Pemprov Kalsel Tunggu Instruksi Pusat, Efisiensi Anggaran 2025 Tertahan?

- Penulis

Jumat, 7 Februari 2025 - 03:04 WITA

facebook twitter whatsapp telegram line copy

URL berhasil dicopy

facebook icon twitter icon whatsapp icon telegram icon line icon copy

URL berhasil dicopy

Kepala BPKAD Kalsel, Miftahul Chair saat rapat banggar bersama Pemprov Kalsel di DPRD Kalsel, beberapa waktu lalu. Salah satunya membicarakan anggaran perjalanan dinas.

Kepala BPKAD Kalsel, Miftahul Chair saat rapat banggar bersama Pemprov Kalsel di DPRD Kalsel, beberapa waktu lalu. Salah satunya membicarakan anggaran perjalanan dinas.

Banjarmasin – Pemerintah Provinsi Kalimantan Selatan (Pemprov Kalsel) masih menunggu petunjuk teknis dari Kementerian Dalam Negeri (Kemendagri) untuk menindaklanjuti Instruksi Presiden (Inpres) Nomor 1 Tahun 2025 tentang Efisiensi Belanja dalam Pelaksanaan APBN dan APBD. Salah satu kebijakan utama dalam inpres tersebut adalah pemangkasan anggaran perjalanan dinas dan belanja operasional hingga 50 persen.

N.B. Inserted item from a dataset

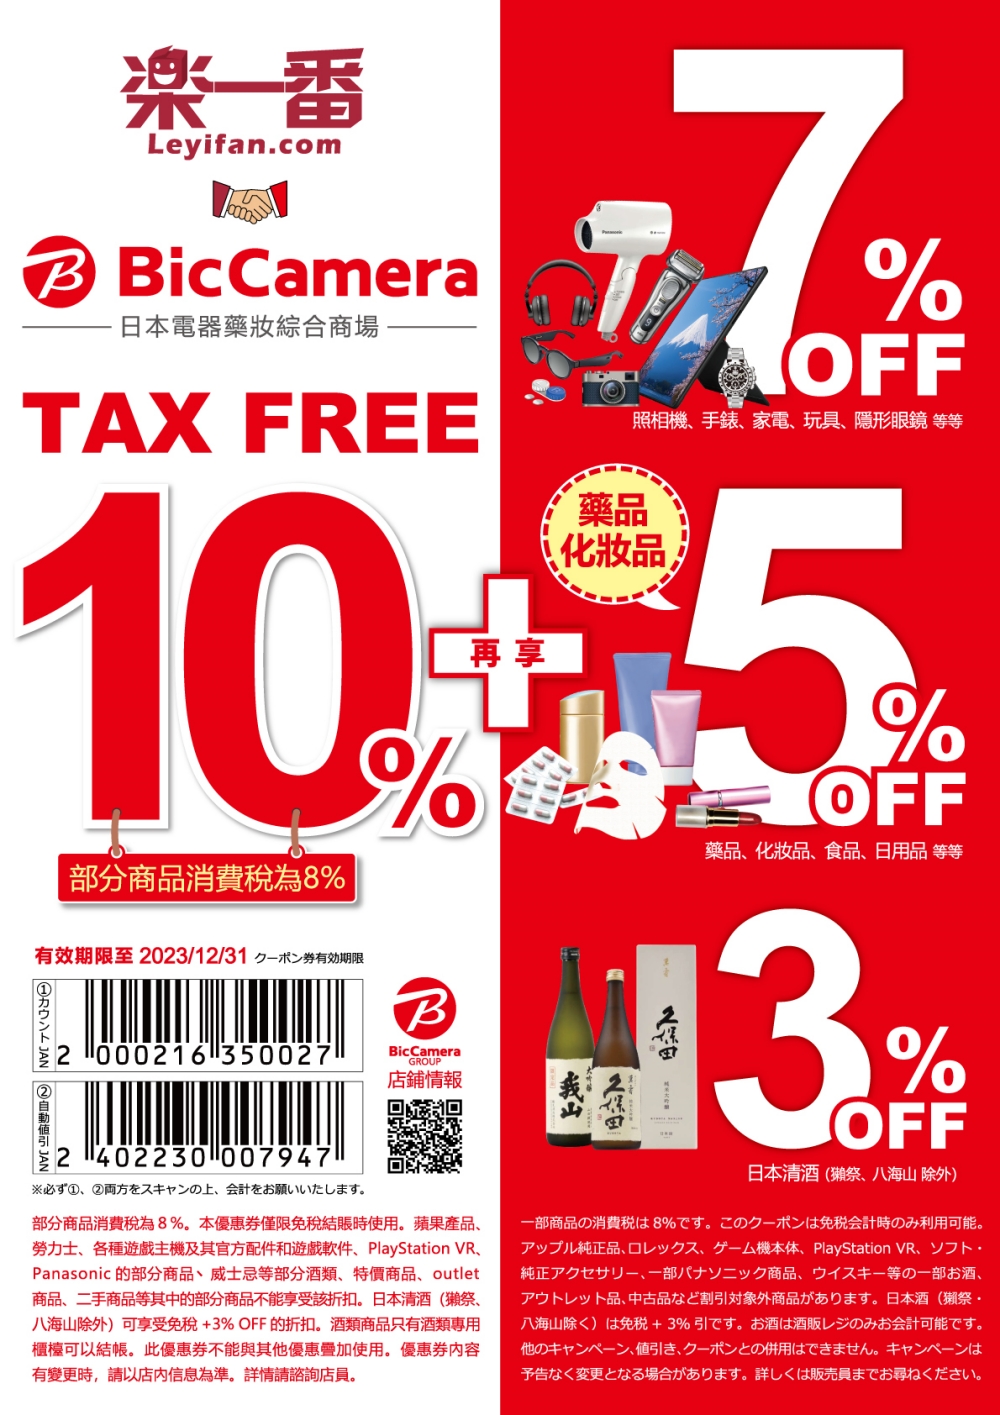 bic camera折價券日本買電器去哪家電器行買最划算

Kepala Badan Pengelolaan Keuangan dan Aset Daerah (BPKAD) Kalsel, Miftahul Chair, mengungkapkan bahwa Pemprov Kalsel belum bisa mengambil langkah konkret karena surat edaran resmi dari Kemendagri belum diterbitkan.

“Kami masih menunggu surat dari Kemendagri. Edaran dari Kementerian Keuangan sudah keluar, tetapi untuk implementasi lebih lanjut, kami menunggu petunjuk teknis dari pusat terkait besaran dan mekanisme pemotongan,” ujarnya, Kamis (6/2).

Sebelumnya, Pemprov Kalsel telah melakukan rasionalisasi anggaran dengan memangkas perjalanan dinas sebesar 30 persen pada akhir 2024. Dengan kebijakan efisiensi terbaru dari pemerintah pusat yang menetapkan pemotongan 50 persen, pemprov hanya perlu memangkas tambahan 20 persen.

Plt Kepala Bidang Anggaran BPKAD Kalsel, Adya Ferina, menyebutkan bahwa pemprov tetap mempertimbangkan perjalanan dinas yang berkaitan dengan investasi dan promosi daerah agar tidak menghambat program strategis.

“Untuk perjalanan yang berkaitan dengan investasi dan promosi daerah, kami tetap mempertimbangkan anggarannya agar tetap efektif,” katanya.

Selain menyesuaikan kebijakan efisiensi, Gubernur Kalsel Muhidin menegaskan akan memperketat pemberian dana hibah, terutama kepada organisasi kemasyarakatan dan LSM. Menurutnya, hibah harus sesuai aturan dan memiliki dampak nyata bagi pembangunan daerah.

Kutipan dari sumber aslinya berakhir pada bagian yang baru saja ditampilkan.